I am using Excel Online in the browser, have setup a workbook link to my main file from a source. In my main file I have table headers and additional columns with formula. I just need from A2 to AC down. The issue is that the source file changes daily. There might be more rows the next day or fewer. I need to be able to reference set columns and then detect how many rows are in the data source and update the main file
So far, I have something like this
='https://sharepoint.com/personal/myFolder/Documents/[data_source.xlsx]in'!A2
Which on columns B2 and C2 load the first row. I can select a range from the source data so it loads all of it, but if the next day there is more rows, it wont load those, or if there are fewer, it will display as blanks.
How can I tell the formula to select Columns A2 to C2 and extend down, or refresh the data like it does in Excel desktop when using data connections?
As you can see Source data, Day 2 has extra rows that wont be loaded in my main file.
You can use PowerAutomate and two Office Scripts to link the two workbooks together.
You'd start by using a recurrence. So you'd pick how often you'd like the flow to run (weekly, daily, etc.)
After you set the recurrence, you have to write an office script that work with the table data. You can work with the dataBodyRange of the table by using the table's GetRangeBetweenHeaderAndTotal() method. And once you have that, you can resize the range to get the data you need. Next, you need to get the values which you can use with the GetValues method. GetValues returns a 2d array which you can't return from a PowerAutomate RunScript. Since you can't do that, but you can return a string, you get around that by converting the 2d array to a json string. You can see the code below:
function main(workbook: ExcelScript.Workbook): string {
let sh: ExcelScript.Worksheet = workbook.getActiveWorksheet();
//get table
let tbl: ExcelScript.Table = sh.getTable("Table1");
//get table's column count
let tblColumnCount: number = tbl.getColumns().length;
//set number of columns to keep
let columnsToKeep: number = 3;
//set the number of rows to remove
let rowsToRemove: number = 0;
//resize the table range
let tblRange: ExcelScript.Range = tbl.getRangeBetweenHeaderAndTotal().getResizedRange(rowsToRemove,columnsToKeep - tblColumnCount);
//get the table values
let tblRangeValues: string[][] = tblRange.getValues() as string[][];
//create a JSON string
let result: string = JSON.stringify(tblRangeValues);
//return JSON string
return result;
}
Once you created your script, consider naming it something you'll remember when you call it in PowerAutomate (I called mine getTableValues). Next, after the recurrence in PowerAutomate, add a Run Script step. Fill out the values and select the script like so:
Next, you have to create the script which takes the input returned from the previous script and completes the final steps. So the script has to have a parameter that takes the string returned from the previous script (I called it tableValues in mine). In the script, you have to parse the json string array to create a 2d array, resize the initial range, and then set the values of the resized range. You can see a script that does that below:
function main(workbook: ExcelScript.Workbook, tableValues: string)
{
let sh: ExcelScript.Worksheet = workbook.getWorksheet("Sheet1")

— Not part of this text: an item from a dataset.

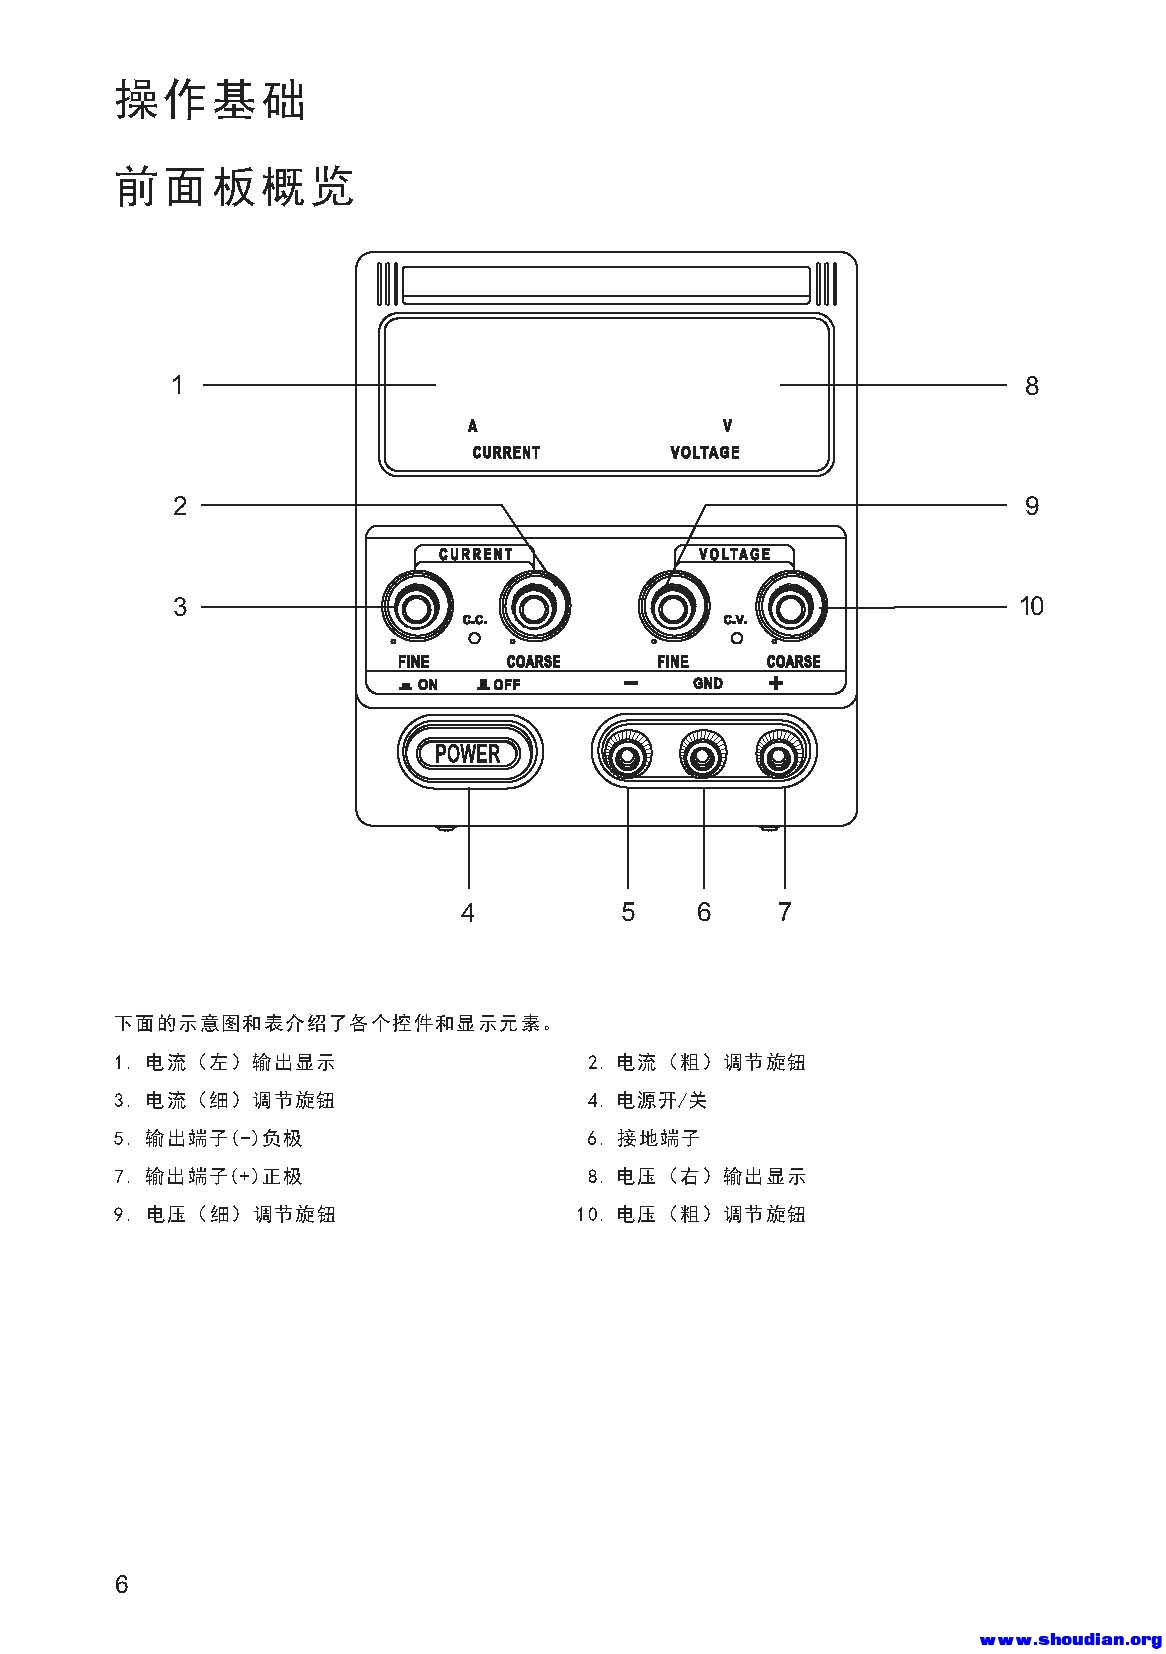 KXN系列 B机型 中文说明书_页面_08.jpg

//parses the JSON string to create array
let tableValuesArray: string[][] = JSON.parse(tableValues);
//gets row count from the array
let valuesRowCount: number = tableValuesArray.length - 1
//gets column count from the array
let valuesColumnCount: number = tableValuesArray[0].length - 1
//resizes the range
let rang: ExcelScript.Range = sh.getRange("A1").getResizedRange(valuesRowCount,valuesColumnCount)

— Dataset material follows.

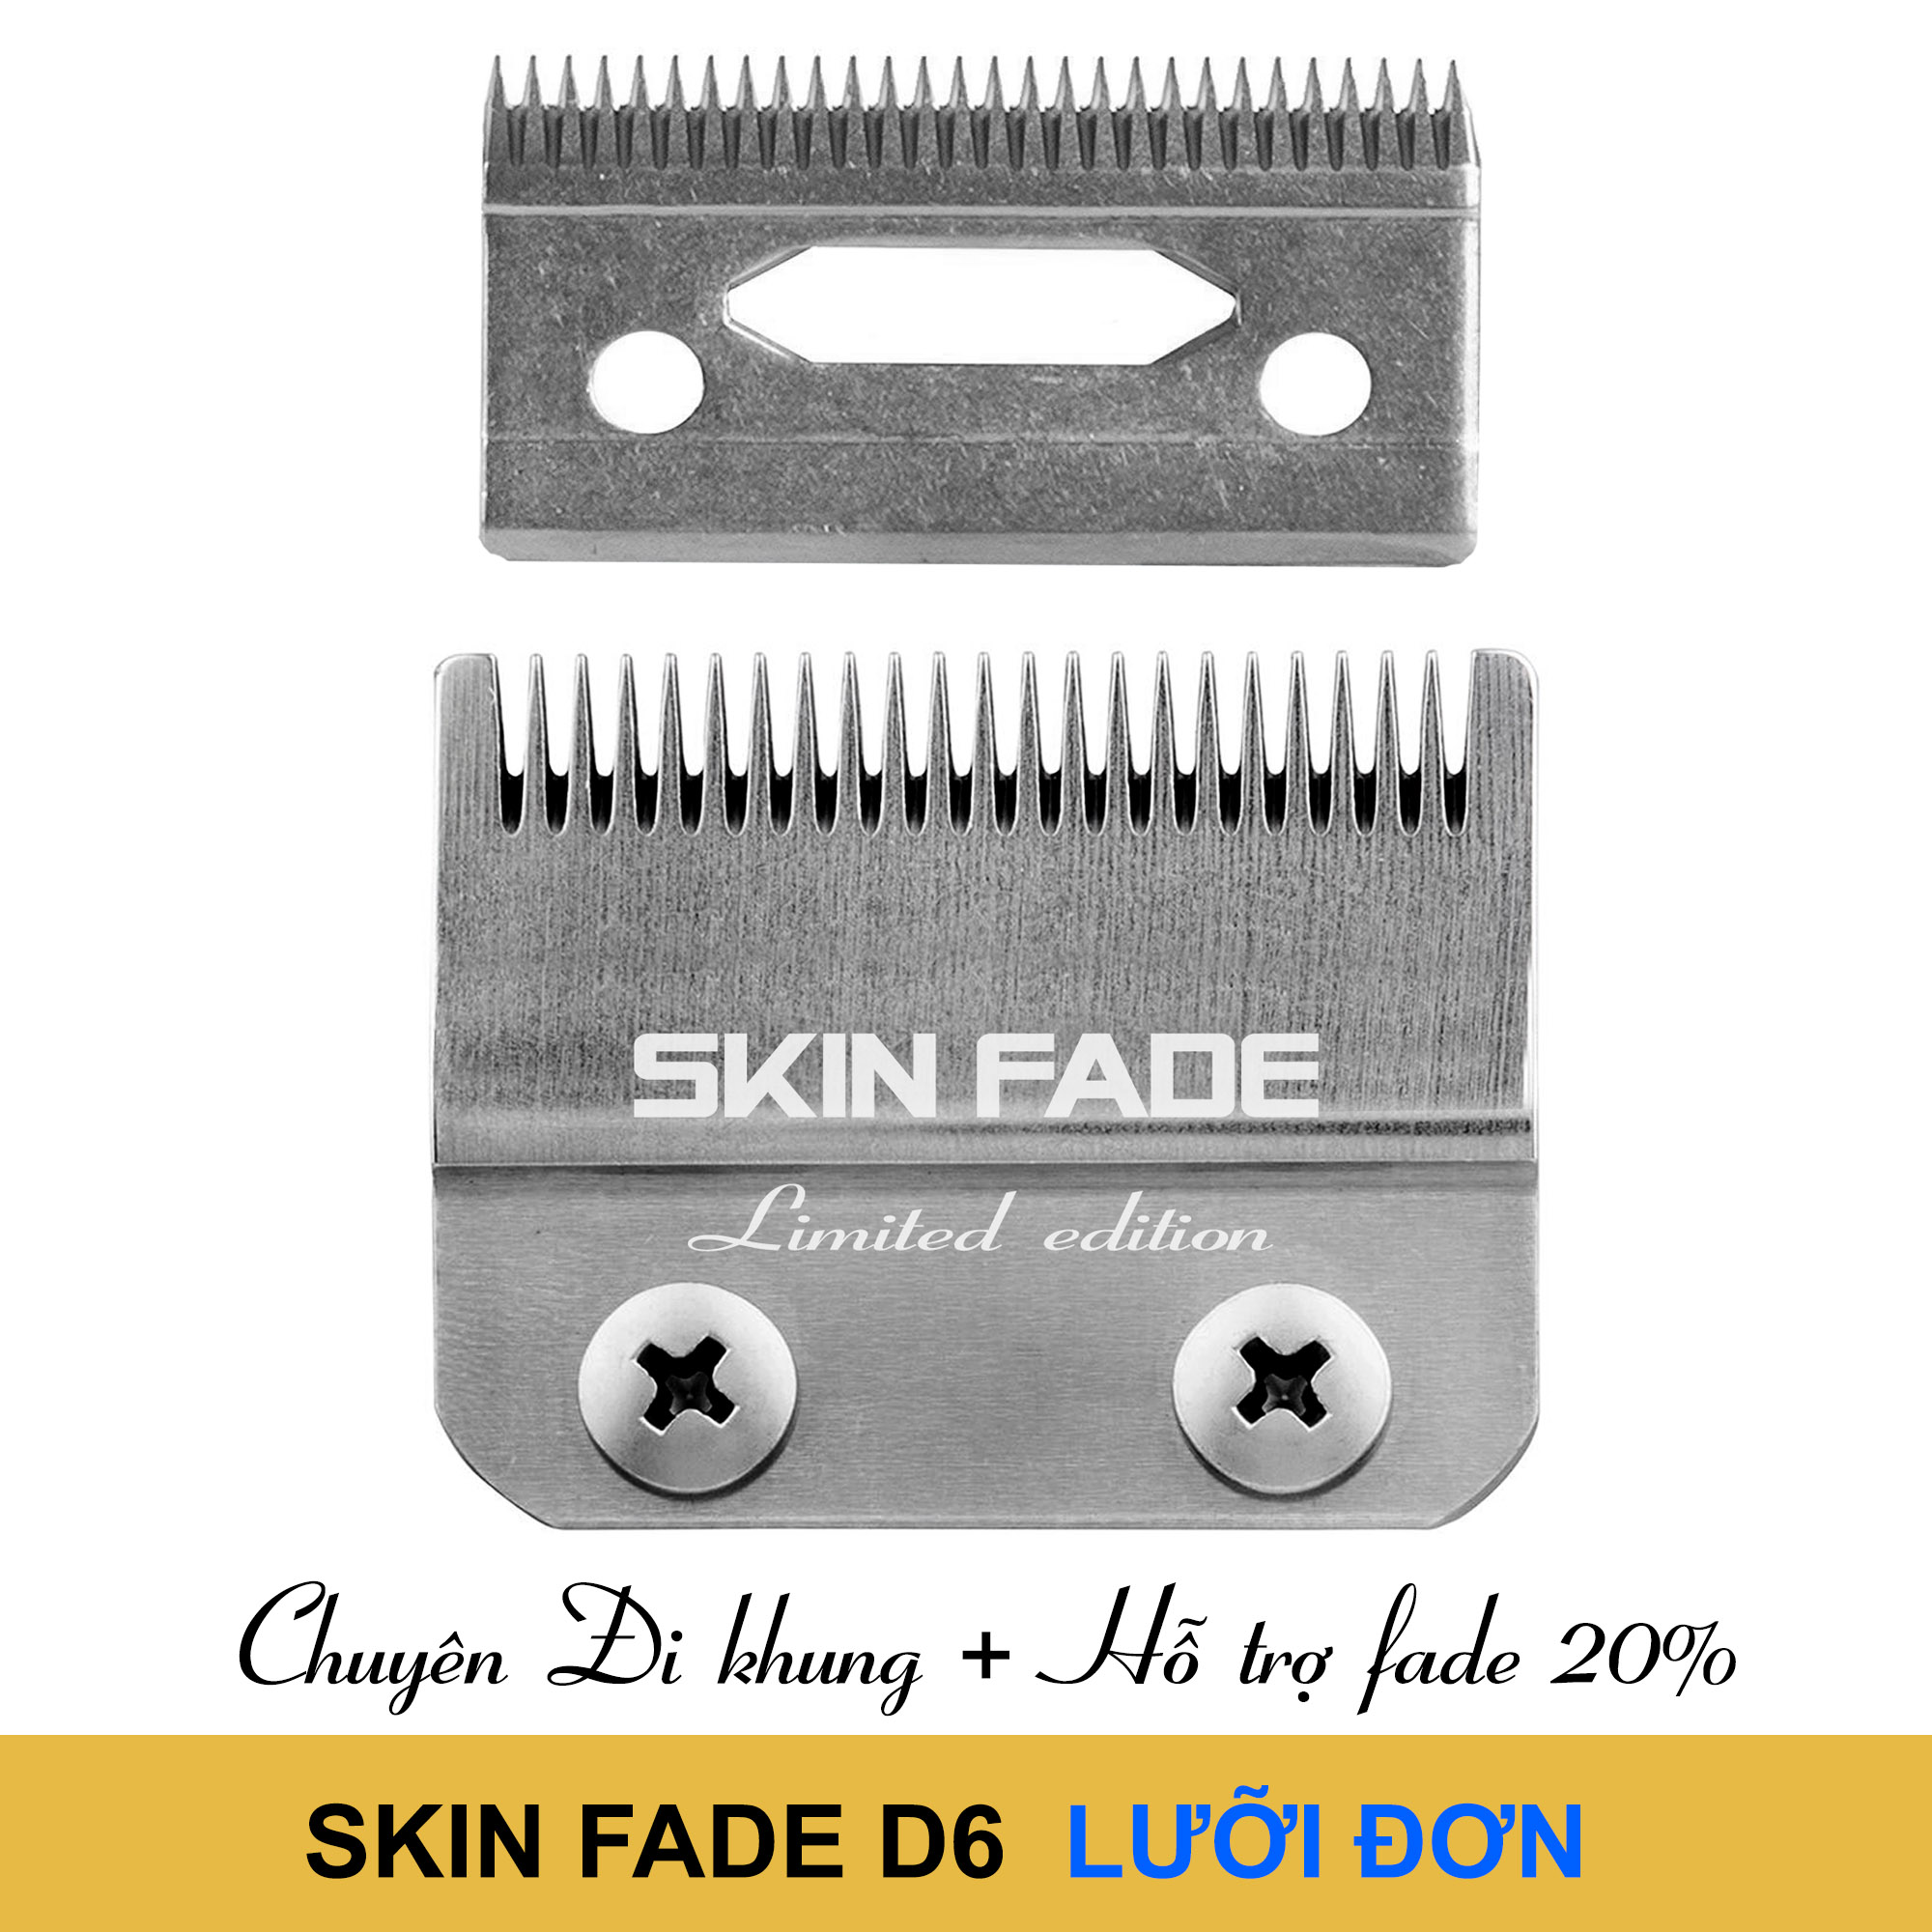 Lưỡi Đơn D6 Chuyên Đi Khung Chính hãng Skin Fade

//sets the value of the resized range to the array
rang.setValues(tableValuesArray)
}
In PowerAutomate, you have to create a second run script step. In the second step, you should be prompted with a value to enter after you've selected the script (the value is called tableValues in my step.) In the table values input, you have to enter the dynamic content Result value. Once this is done, you can save the script and test.
One thing to note is that the second script doesn't delete old range values from previous runs. This can be done in a number of different ways. But the preferred way may depend on how the workbook is structured. So I'd recommend writing code to clear the range in the second script somewhere in the beginning. Or better yet, add the output of the first script into an Excel table. And just empty out the table every time you run the second script.
If you'd like to see how you might do that, you can take a look at this post here
Related
I am working on the heritage codes which use C++ Excel Automation to output our analysis data in the excel spreadsheet. From the following article,
https://support.microsoft.com/en-us/topic/how-to-use-mfc-to-automate-excel-and-create-and-format-a-new-workbook-6f2450bc-ba35-a36a-df2f-c9dd53d7aef1
I knew we can use "range.SetFormula() function to calculate the formula results from some specific cells, for example:
range = sheet.GetRange(COleVariant("C2"), COleVariant("C6"));
range.SetFormula(COleVariant("=A2 & \" \" & B2"));
My question here is how can I use SetFormula function to point to some cell elements whose row & column are unknow but will be determined as the program runs. In specifically, I have a number of cell elements populated as my analysis runs. Different analysis will have different number of elements output to the excel spreadsheet. For example, if I have kw data, then the excel output will be populated in kw row 6 column and I also need to output some summary results based on these element underneath these populated elements. Something like this:
int kw = var_length; // the row changes depending on different analysis
DWORD numElements[2];
Range range;
range = sheet.GetRange(COleVariant(_T("A3")),COleVariant(_T("A3")));
numElements[0]= kw; //Number of rows in the range.
numElements[1]= 6; //Number of columns in the range.
saRet.Create(VT_R8, 2, numElements);
for(int iRow = 0;iRow < kw; iRow++)
{
for (iCol = 0; iCol < 6; iCol++)
{
index[0] = iRow;
index[1] = iCol;
saRet.PutElement(index, &somevalue);
}
}
range.SetValue2(COleVariant(saRet));
CString TStr;
TStr.Format(_T("A%d"), kw+2);
range = sheet.GetRange(COleVariant(TStr), COleVariant(TStr))
CString t1, t2;
t1.Format(_T("A%d"), kw/2);
t2.Format(_T("A%d"), kw);
range.SetFormula(COleVariant(L"=SUM(A&t1: A&t2)")); // Calculate the sum of second half of whole elements, Apparently, this didn't work, How can I fix this?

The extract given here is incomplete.